Ток затихает, косачи разлетаются. Вылезаю из шалаша и вижу Ваську. Он идет ко мне полем, в его руках тяжелая связка убитых птиц.
– Ну, как охота? – подойдя, говорит Васька и кладет на землю четырех иссиня-черных косачей. – Ты, слыхал я, восемь раз стрелял.
Я молчу, мне стыдно смотреть на охотника.
– Ну, показывай добычу.
– Промахи, – говорю я, и губы мои дрожат.
– Как? Восемь раз стрелял и ни одного не убил?
– Да.
– Плохой же ты стрелок. А может, ружье дурит?
Я молча пожимаю плечами.
– А, может, с патронами что-нибудь неладно?
– Патроны ты набивал.
– А ты бы проверил. Помнишь, говорил: хорошо все самому сделать – и ток подыскать, и к охоте приготовиться… Патроны-то все расстрелял?
– Две штуки осталось.
– Давай-ка поглядим.
Он вынимает из моего патронташа патрон, взвешивает на ладони.
– Что-то легко.
Он достает нож и разрезает картонный патрон. Я не верю своим глазам, у меня холодеет во рту: вместо дроби на ладони Бекаса лежат мелкие зернышки проса.
Васька укоризненно смотрит на меня.
– Стало быть, ты не дробью, а просом тетеревов стрелял?
Я чувствую, как багровеет мое лицо. Сейчас я ударю этого человека, навсегда опозорившего меня. Я стискиваю кулаки и говорю с дрожью в голосе:
– Василий Митрофанович, ты… ты… Какой же ты мерзавец!
Васька хлопает ладонями по коленям и сгибается пополам от неудержимого смеха. Он корчится, как в припадке, он задыхается. Сейчас я убью его.
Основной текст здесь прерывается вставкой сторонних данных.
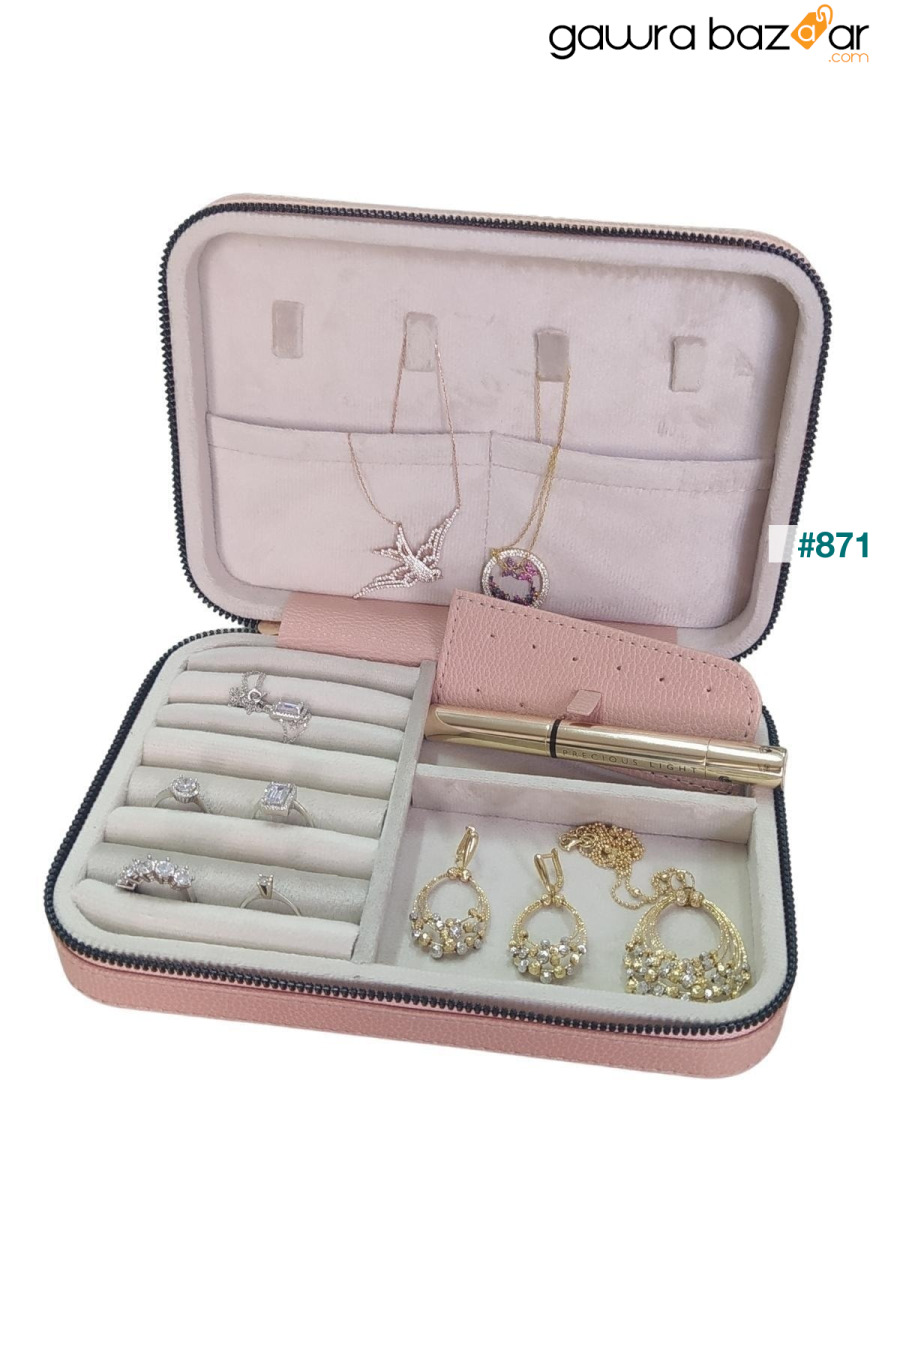 جلد بسحاب (علبة خشبية) مجوهرات كبيرة الحجم ، حقيبة سفر ومجوهرات ، علبة بودرة (14 × 21 سم) ÖZER KUTU 2

– Василий Митрофанович, зачем ты это сделал?
Бекас, не отвечая мне, говорит свое:
– Ой!.. Ой, потеха!.. Сейчас подохну, глаза лопни, подохну!.. Хорош охотник: из ружья те… те… ре… вов про… просом кормил!..
Я закидываю ружье за спину, молча поворачиваюсь, иду полем.
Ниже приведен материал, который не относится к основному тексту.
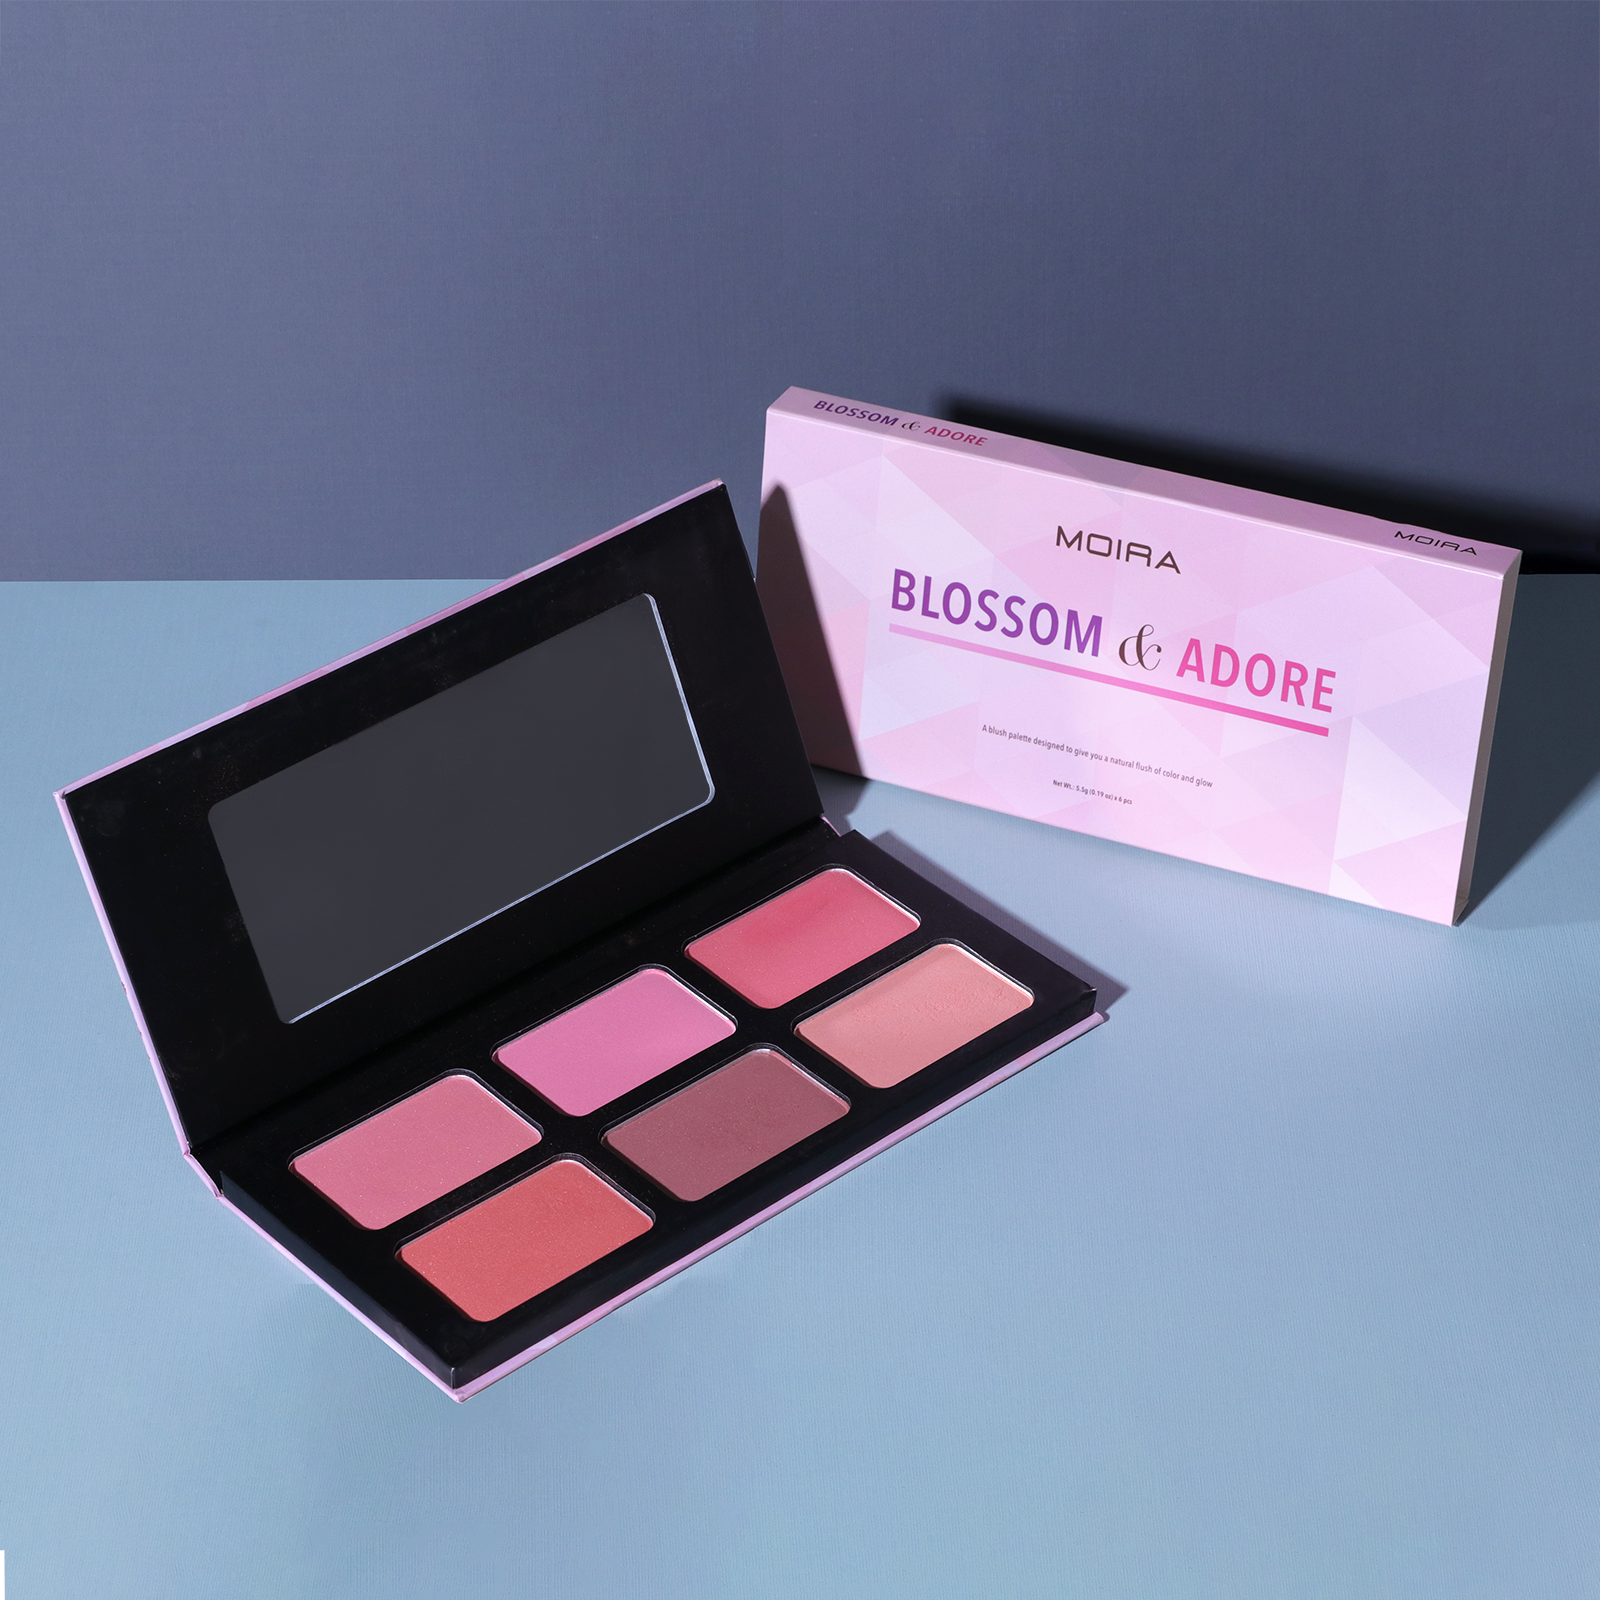 Moira Beauty - Blossom & Adore Blush Palette

У березняка Васька догоняет меня. Он идет сзади, тихонько фыркая. Я кидаю на него бешеный взгляд и зло говорю:
– Уходи от меня!
Он отвечает ласково:
– Слушай, друг, брось сердиться. Подумаешь, какая штука!.. Ты на тетеревов еще раз сто будешь охотиться, ты, может, тыщу косачей убьешь… А вот такой охоты, как нынче, никогда у тебя не будет.
Он прыскает от смеха.
Я стискиваю челюсти, сжимаю кулаки.
– Хочешь, я тебе двух своих тетеревов отдам? – предлагает Бекас.
– Не надо.
– Бери всех четырех.
– Отвяжись ты от меня!
– Да брось сердиться!.. Я думал, ты догадаешься, по весу узнаешь, что не дробью патроны набиты. Я тогда бы свои тебе отдал. Ей-богу, отдал бы!.. Ну пошутил, какая же тут беда. Никто об этом знать не будет. Ты знаешь, я знаю – больше никто… Бери тетеревов!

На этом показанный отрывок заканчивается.